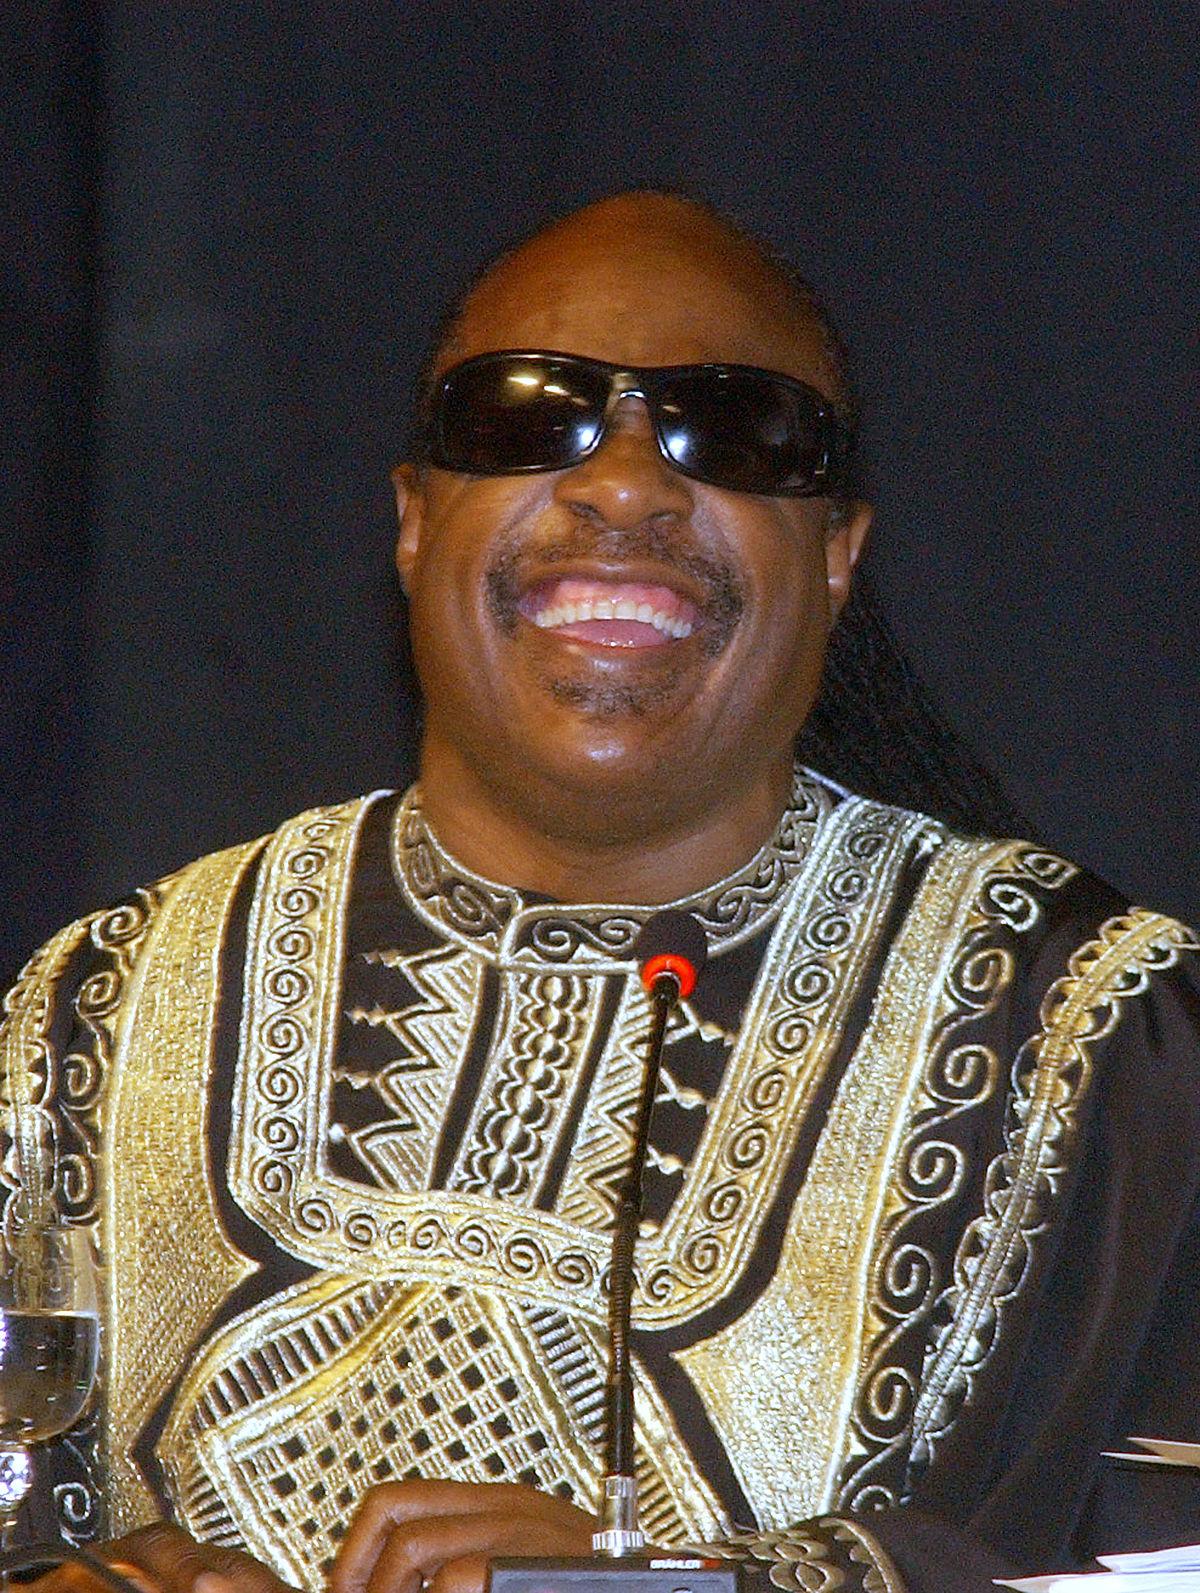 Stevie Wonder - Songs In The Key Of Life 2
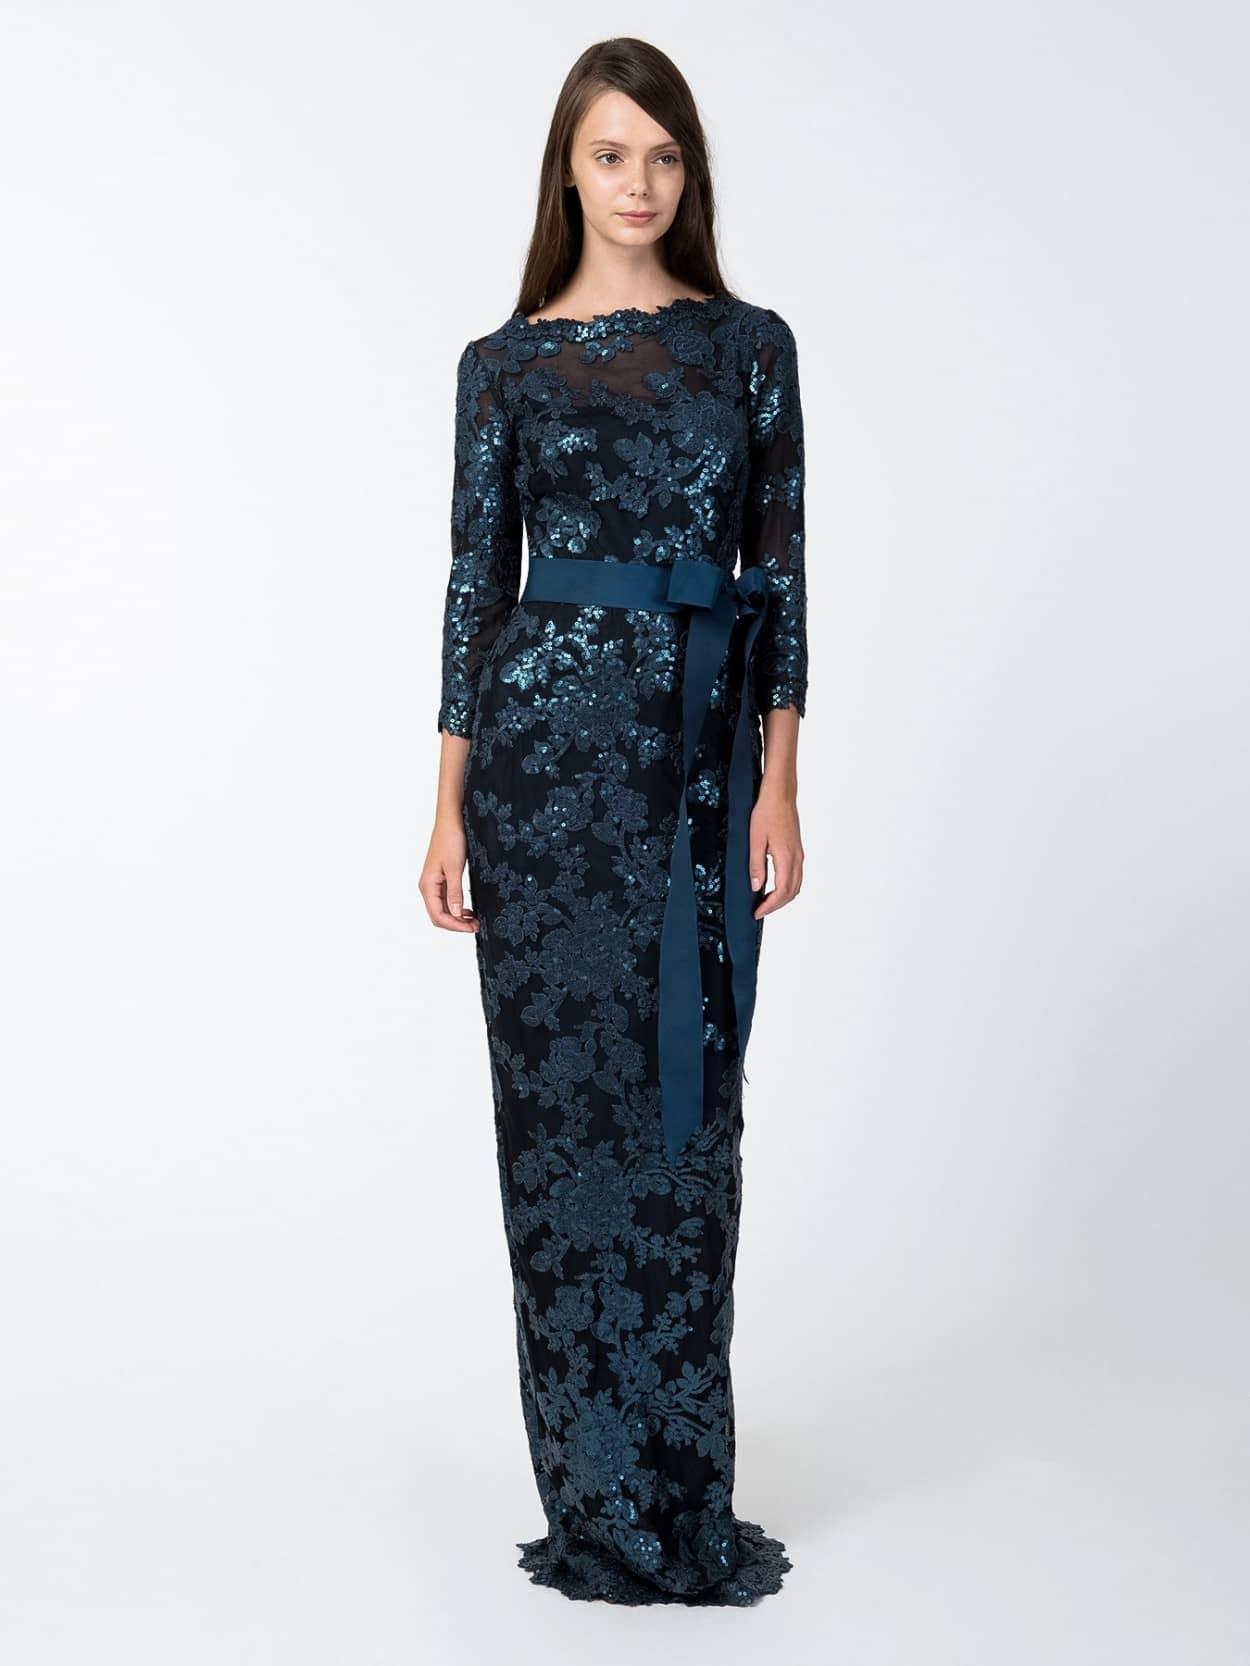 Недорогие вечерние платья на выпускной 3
...
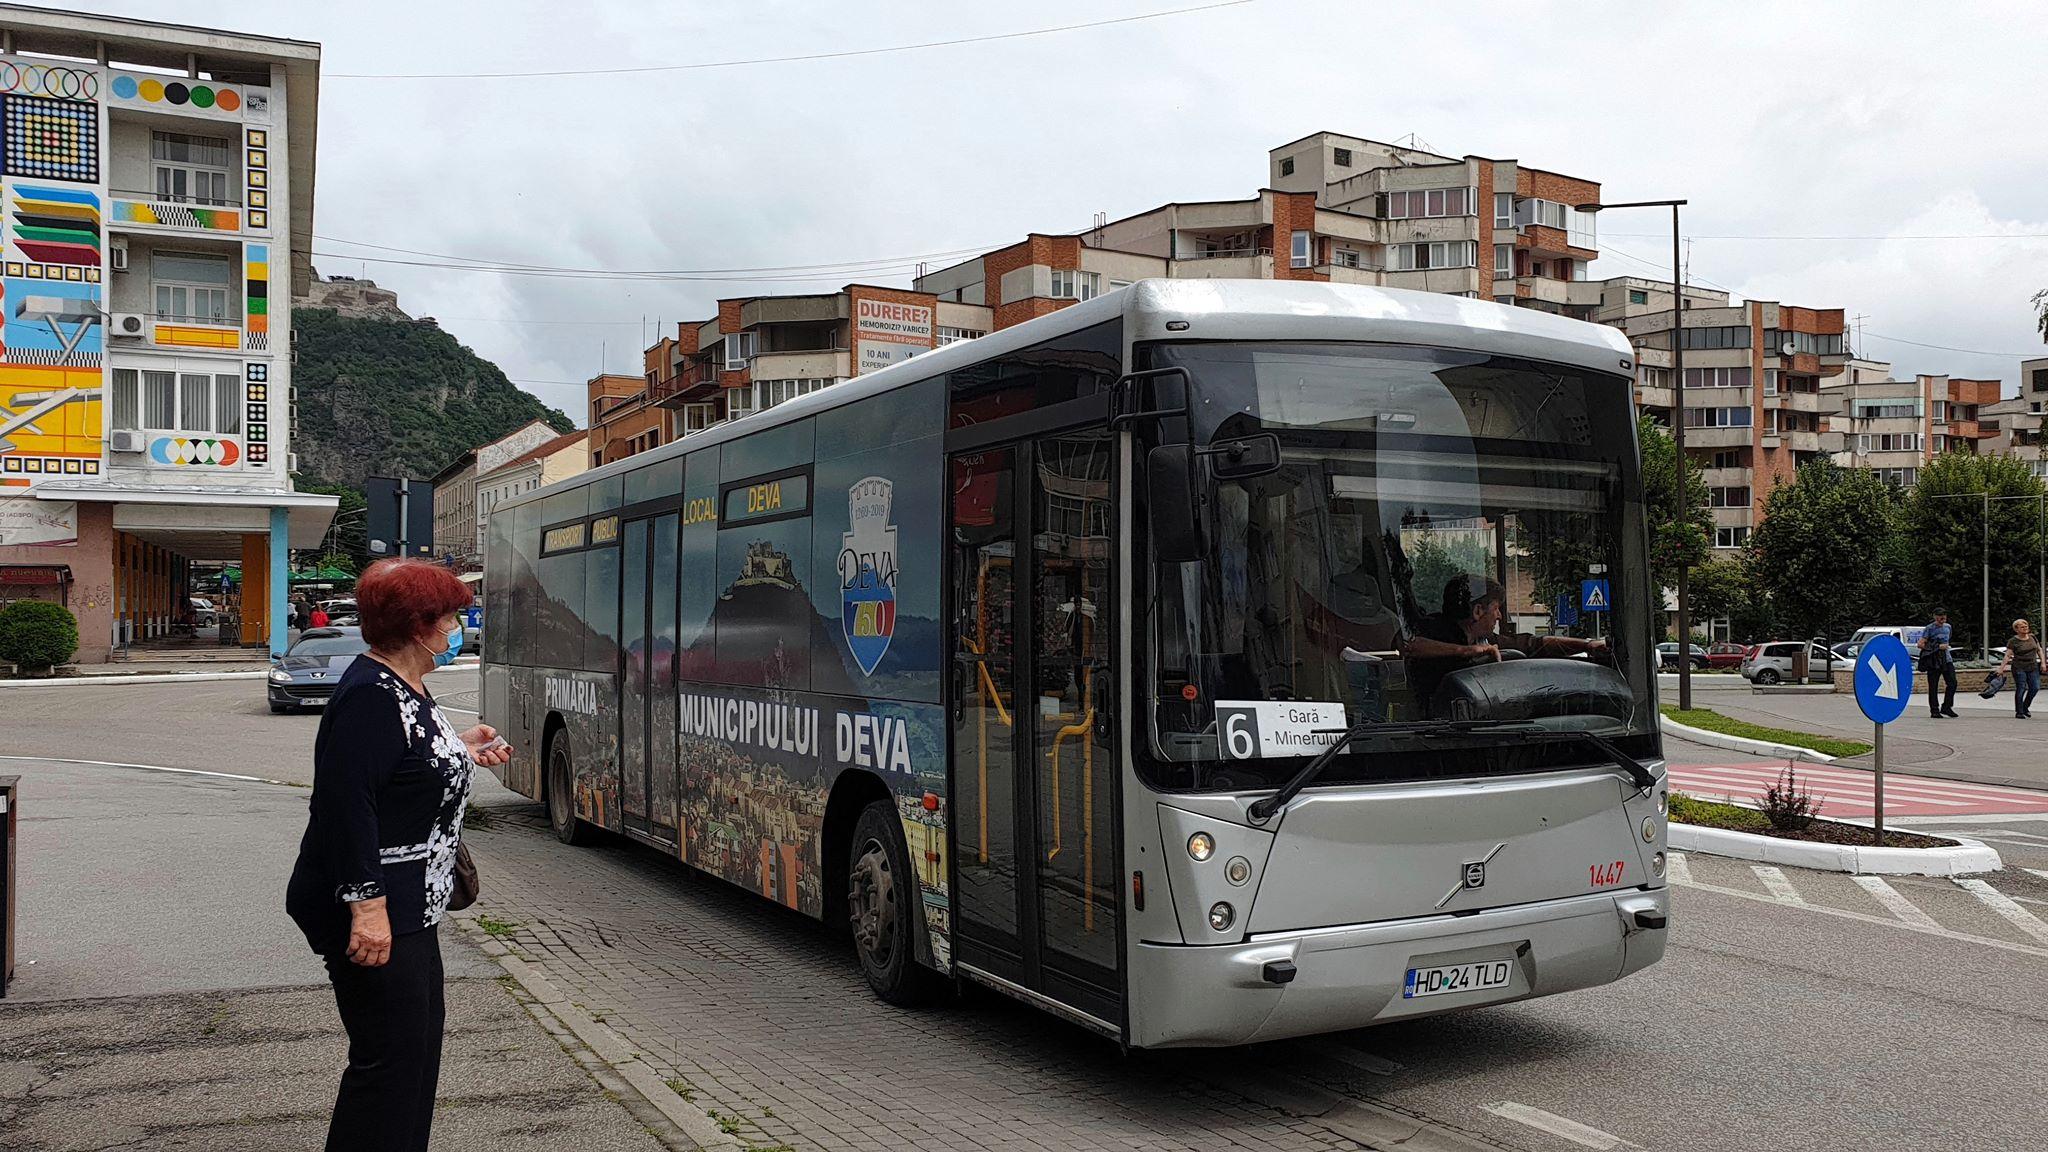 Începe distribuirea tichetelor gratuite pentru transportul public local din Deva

◆ Problem statement
Above are some records. Output exactly the lines from the one that contains "Stevie Wonder - Songs In The Key Of Life 2" to the one that contains "Недорогие вечерние платья на выпускной 3", keeping both, and omit the pictures.

◆ Output of the task
 Stevie Wonder - Songs In The Key Of Life 2
 Недорогие вечерние платья на выпускной 3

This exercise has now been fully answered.